● **GOAL OF THE EXERCISE**: The answer must consist solely of the lines below starting at the one containing "06 Temmuz 2022" and ending at the one containing "banner de portada", repeated exactly, with both ends included and all pictures omitted.

● **EXERCISE MATERIALS**:
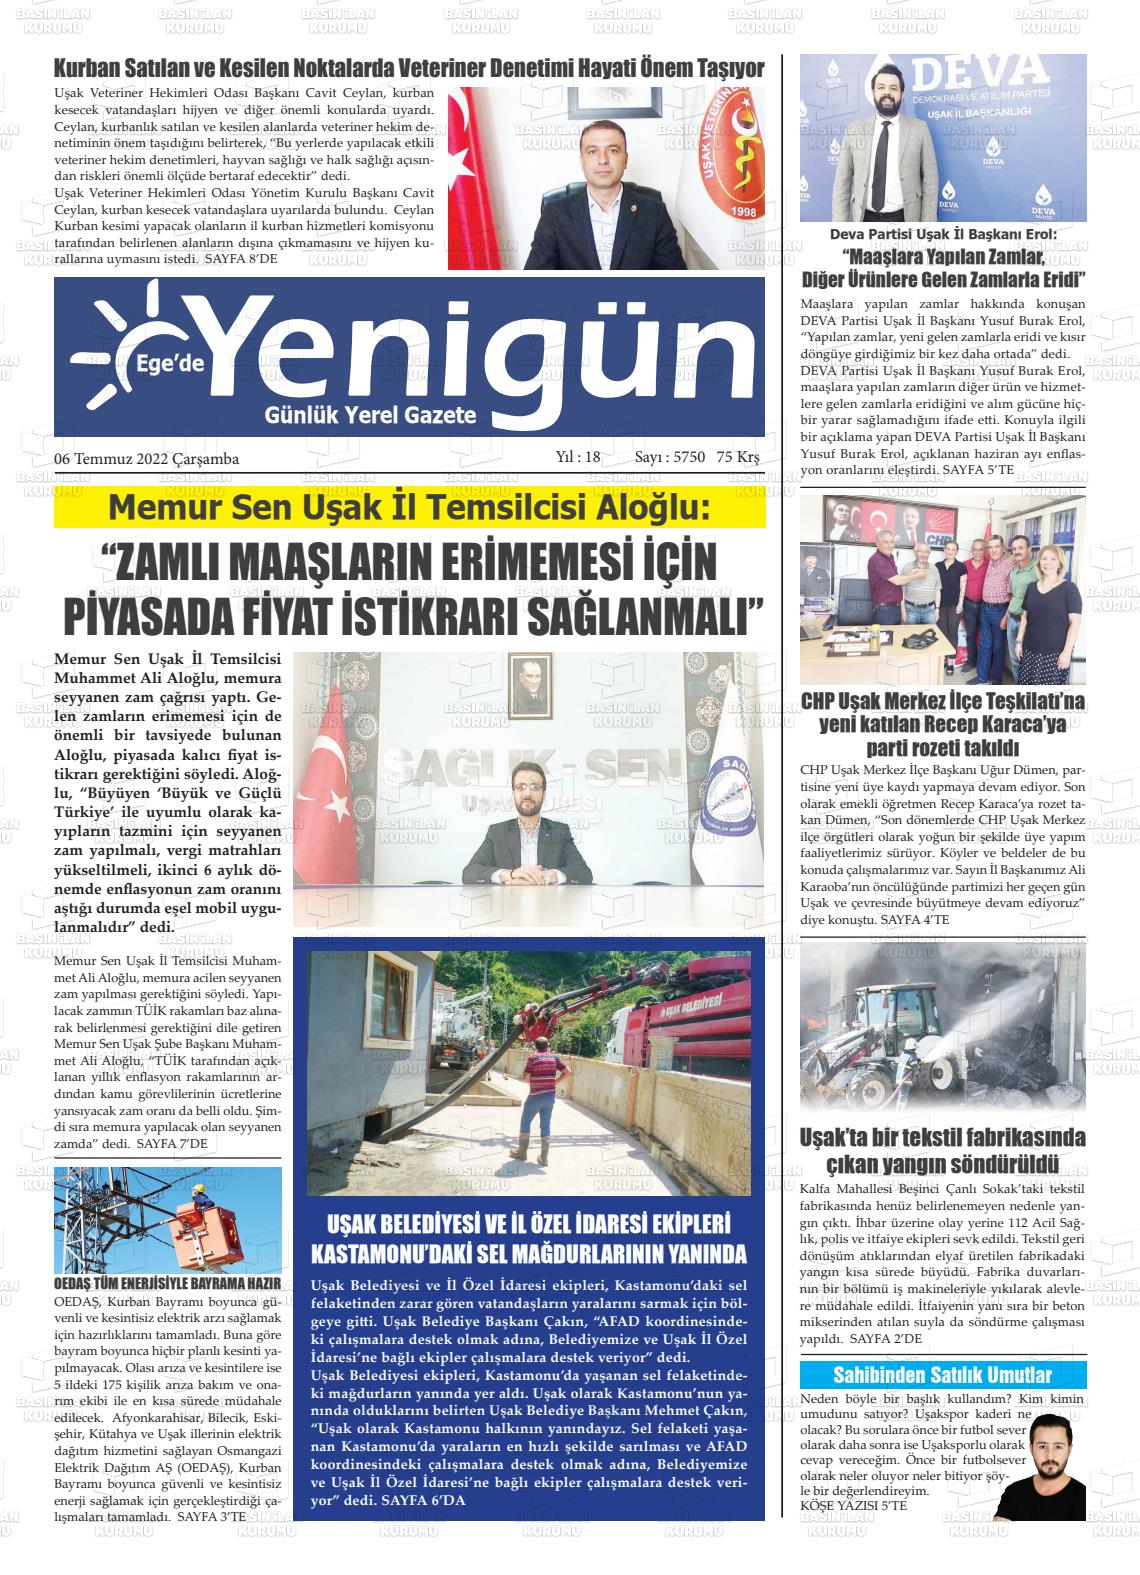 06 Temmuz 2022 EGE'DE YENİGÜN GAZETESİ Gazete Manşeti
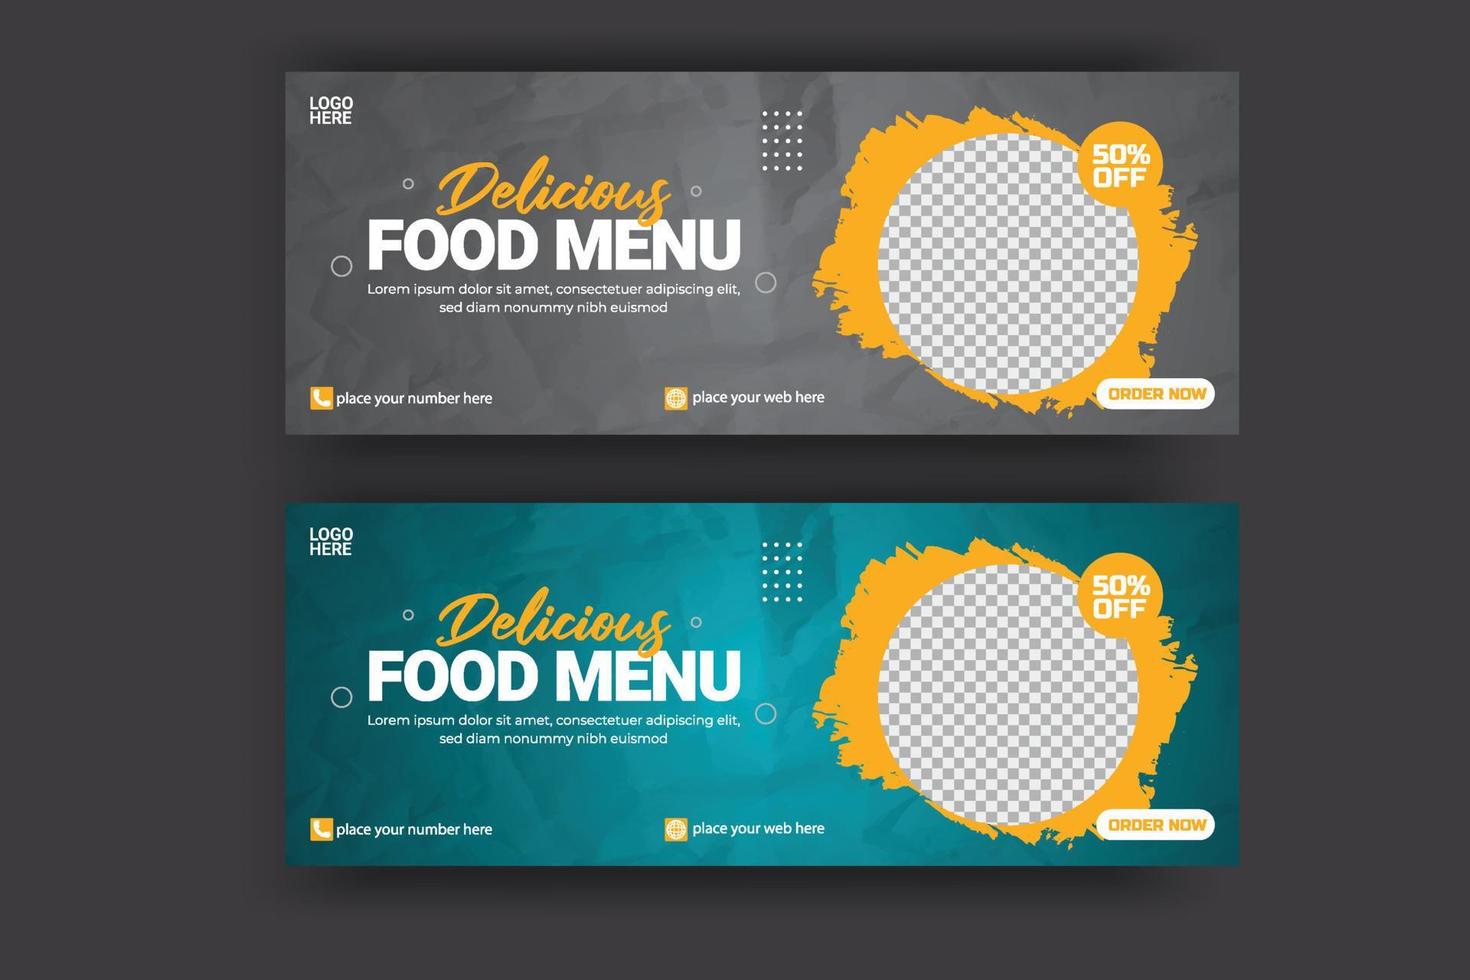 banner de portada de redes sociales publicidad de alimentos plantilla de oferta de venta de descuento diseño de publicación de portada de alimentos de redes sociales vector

* * *

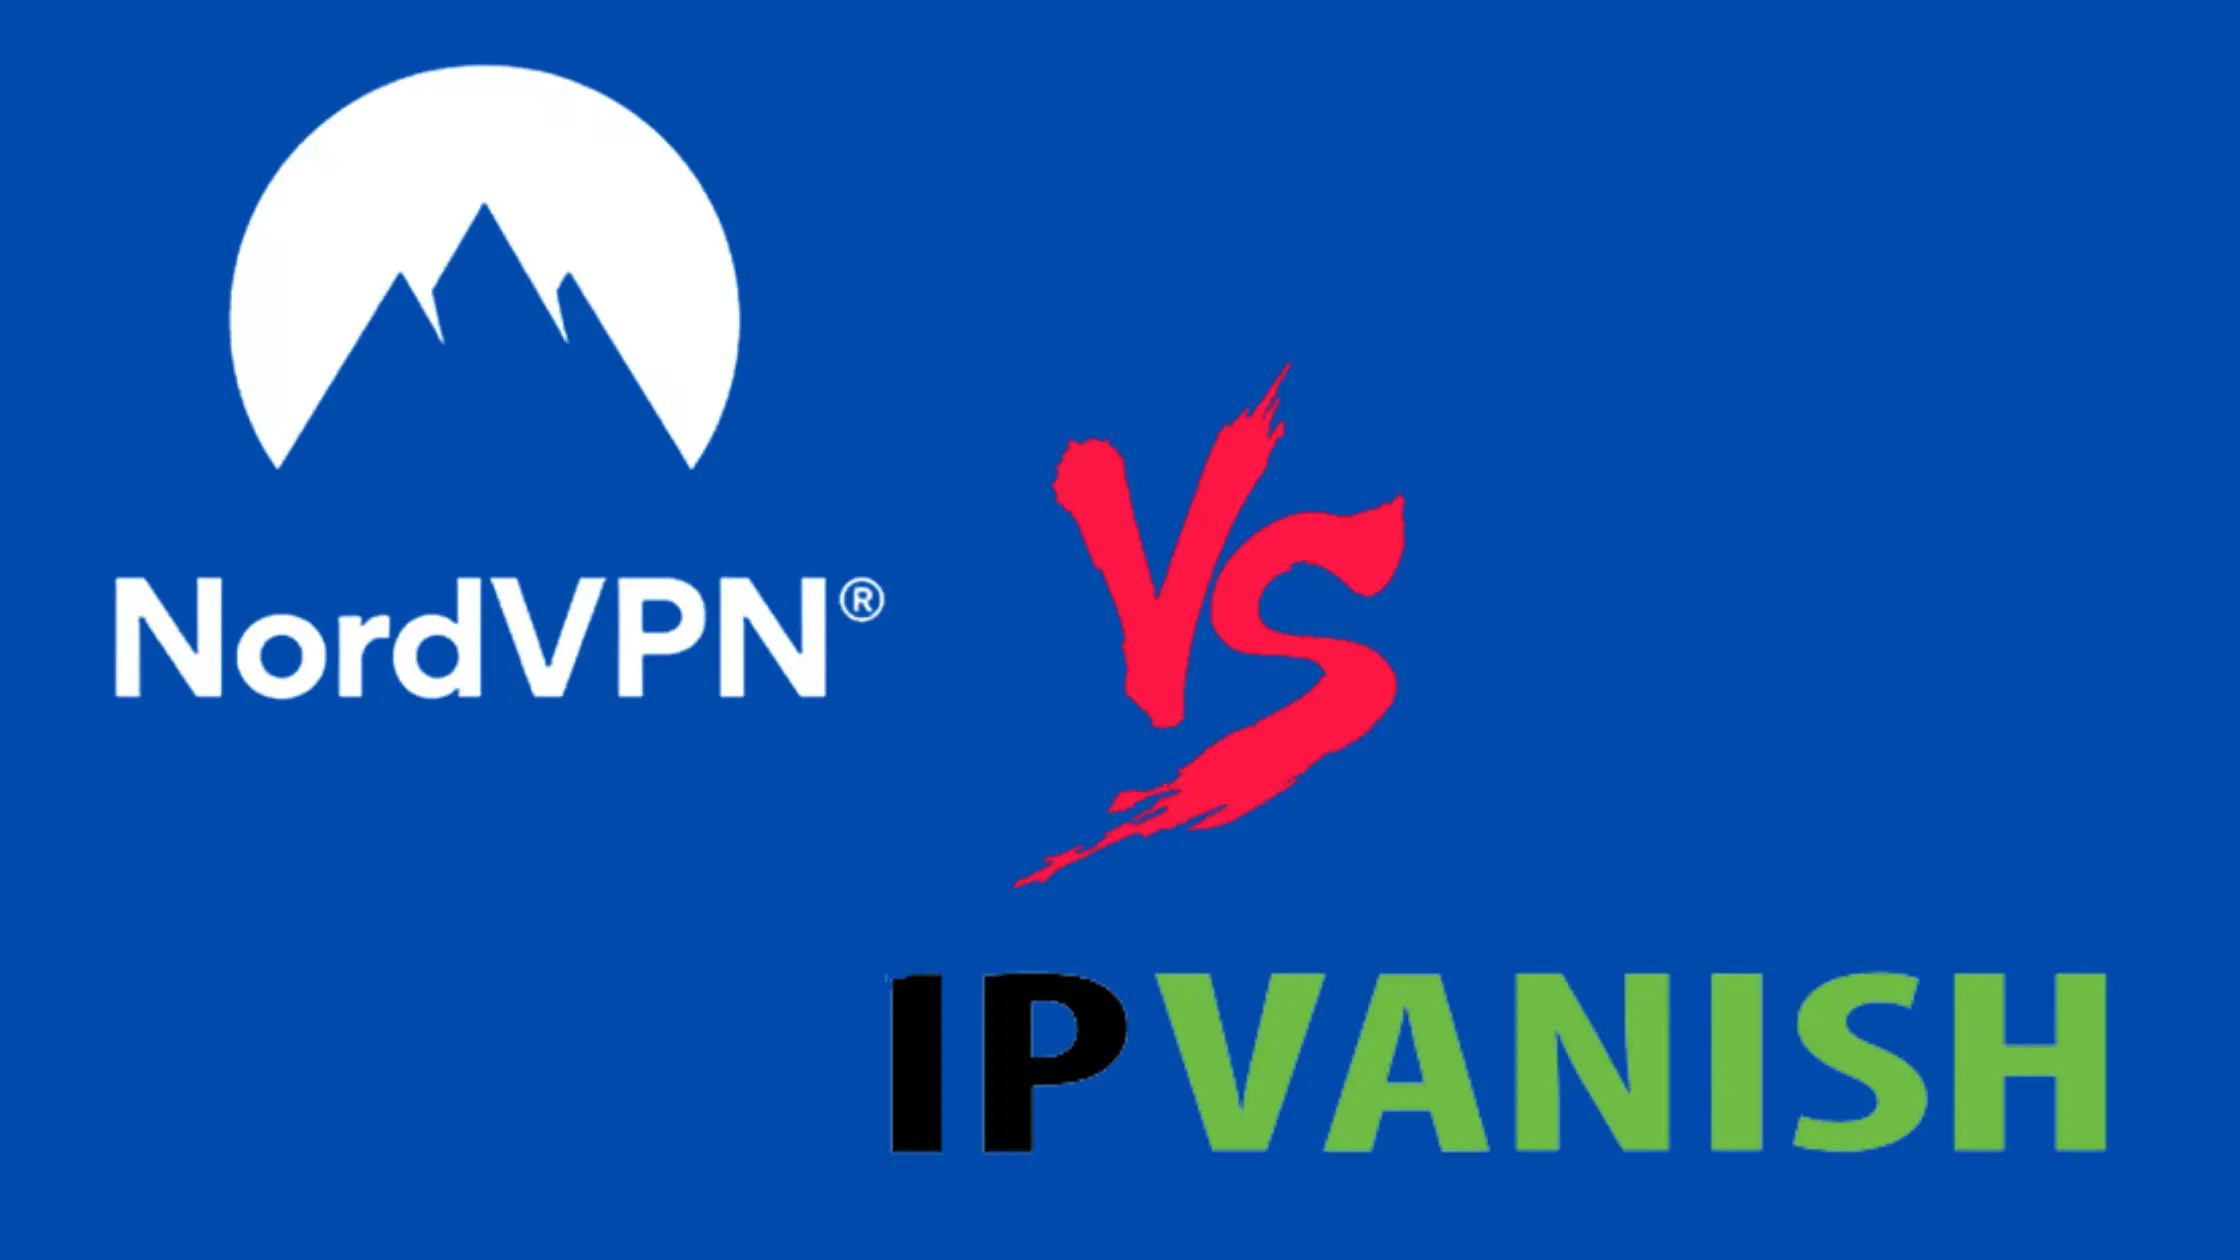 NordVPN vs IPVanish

● **TASK ANSWER**:
 06 Temmuz 2022 EGE'DE YENİGÜN GAZETESİ Gazete Manşeti
 banner de portada de redes sociales publicidad de alimentos plantilla de oferta de venta de descuento diseño de publicación de portada de alimentos de redes sociales vector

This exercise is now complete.